In my opinion, the key is to recognize the patients with SMM at the highest risk for progression and then treat them in a clinical trial with a regimen active for multiple myeloma and with as few side effects as possible. One would like to identify those patients who are at a 90% risk of progression at two years and treat them in a randomized clinical trial.

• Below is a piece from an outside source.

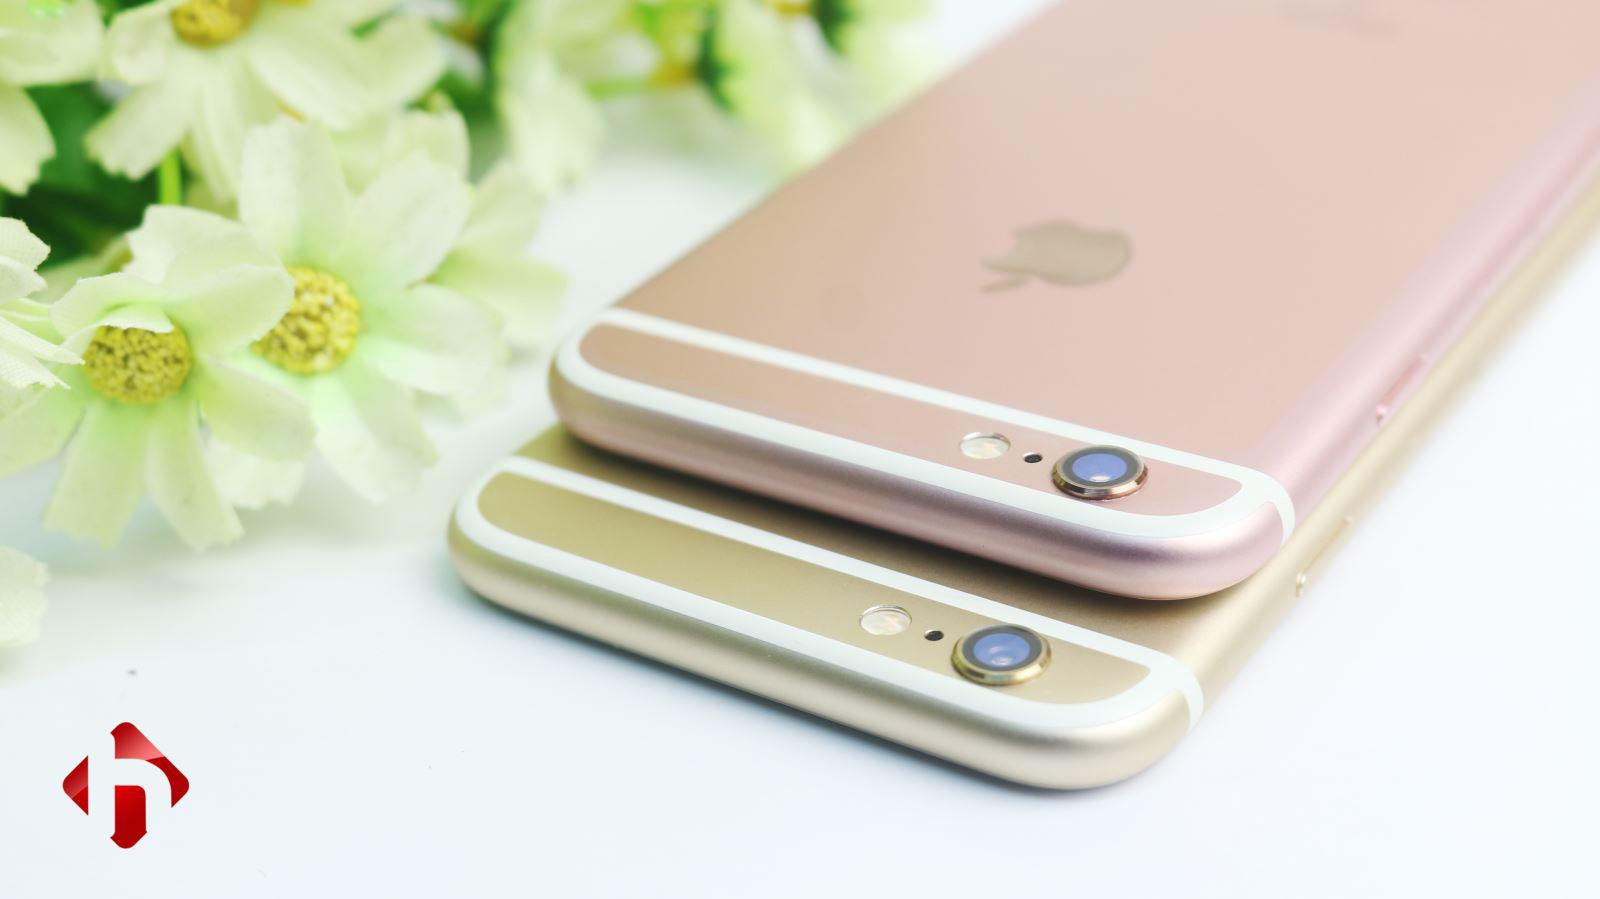 Camera trên iPhone 6 và 6s
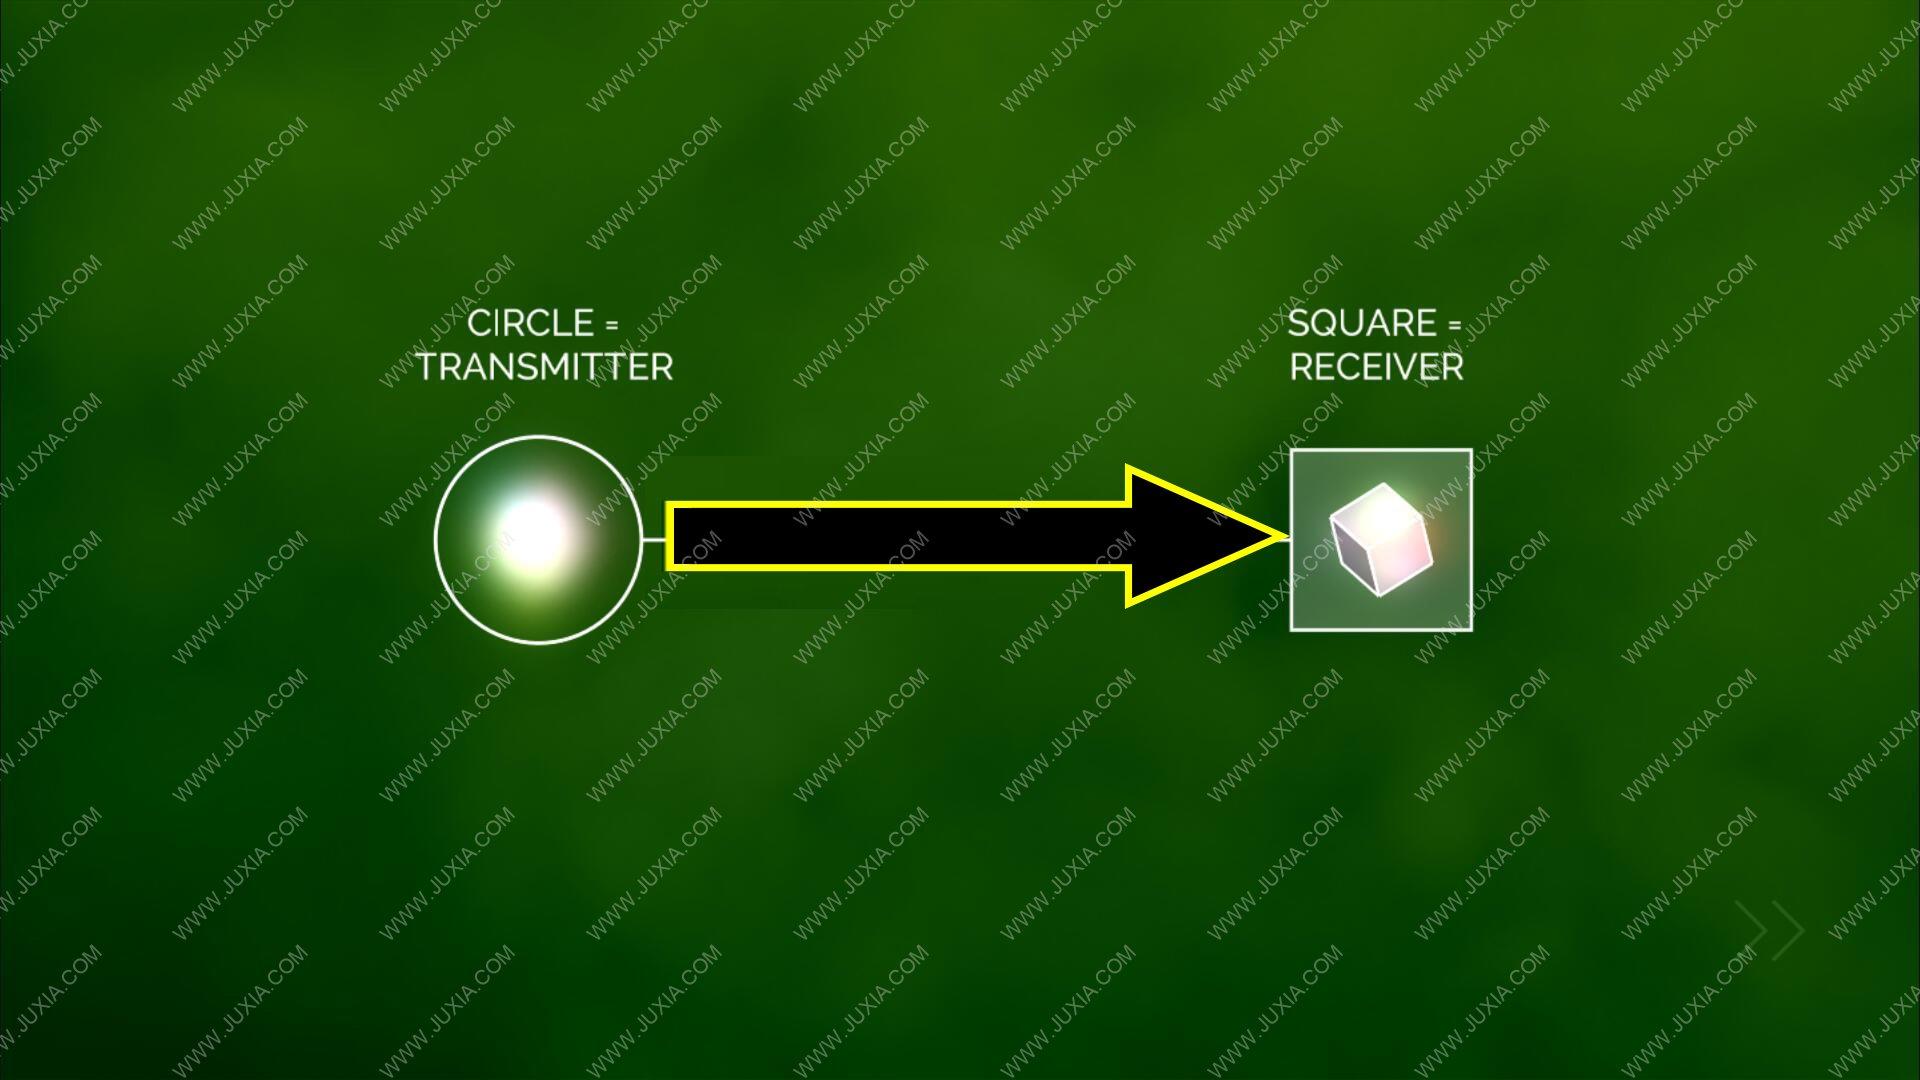 Transmission游戏攻略第一关 传送传输第1关怎么过

Dr. Kyle is a Professor of Medicine, Laboratory Medicine, and Pathology at Mayo Clinic and has been an ASCO member since 1968. An internationally recognized expert in hematologic malignancies, he was the first to describe monoclonal gammopathy of undetermined significance and smoldering multiple myeloma. In 2007, Dr. Kyle was presented with the David A. Karnofsky Memorial Award, ASCO’s highest scientific honor.

References

1. Kyle RA, Remstein ED, Therneau TM, et al. N Engl J Med. 2007;356:2582-90.
2. Kyle RA, Therneau TM, Rajkumar SV, et al. N Engl J Med. 2006;354:1362-9.
3. Cohen HJ, Crawford J, Rao MK, et al. Am J Med. 1998;104:439-44. [Erratum. Am J Med. 1998;105:362.]
4. Landgren O, Gridley G, Turesson I, et al. Blood. 2006;107:904-6.
5. Landgren O, Katzmann JA, Hsing AW, et al. Mayo Clin Proc. 2007;82:1468-73.
6. Iwanaga M, Tagawa M, Tsukasaki K, et al. Mayo Clin Proc. 2007;82:1474-9.
7. Landgren O, Kyle RA, Pfeiffer RM, et al. Blood. 2009;113:5412-7.
8. Rajkumar SV, Kyle RA, Therneau TM, et al. Blood. 2005;106:812-7.
9. Kyle RA, Therneau TM, Rajkumar SV, et al. Mayo Clinic Proc. 2004;79:859-66.
10. Dispenzieri A, Kyle RA, Katzmann JA, et al. Blood. 2008;111:785-9.
11. Rosiñol L, Bladé J, Esteve J, et al. Br J Haematol. 2003;123:631-6.
12. Detweiler-Short K, Hayman S, Gertz MA, et al. Am J Hematol.2010;85:737-40.
13. Mateos M-V, López-Corral L, Hernández M, e tal. Smoldering Multiple Myeloma (SMM) At High-Risk of Progression to Symptomatic Disease: A Phase III, Randomized, Multicenter Trial Based On Lenalidomide-Dexamethasone (Len-Dex) As Induction Therapy Followed by Maintenance Therapy with Len Alone Vs No Treatment. ASH Annual Meeting Abstracts. 2011;Abst 991.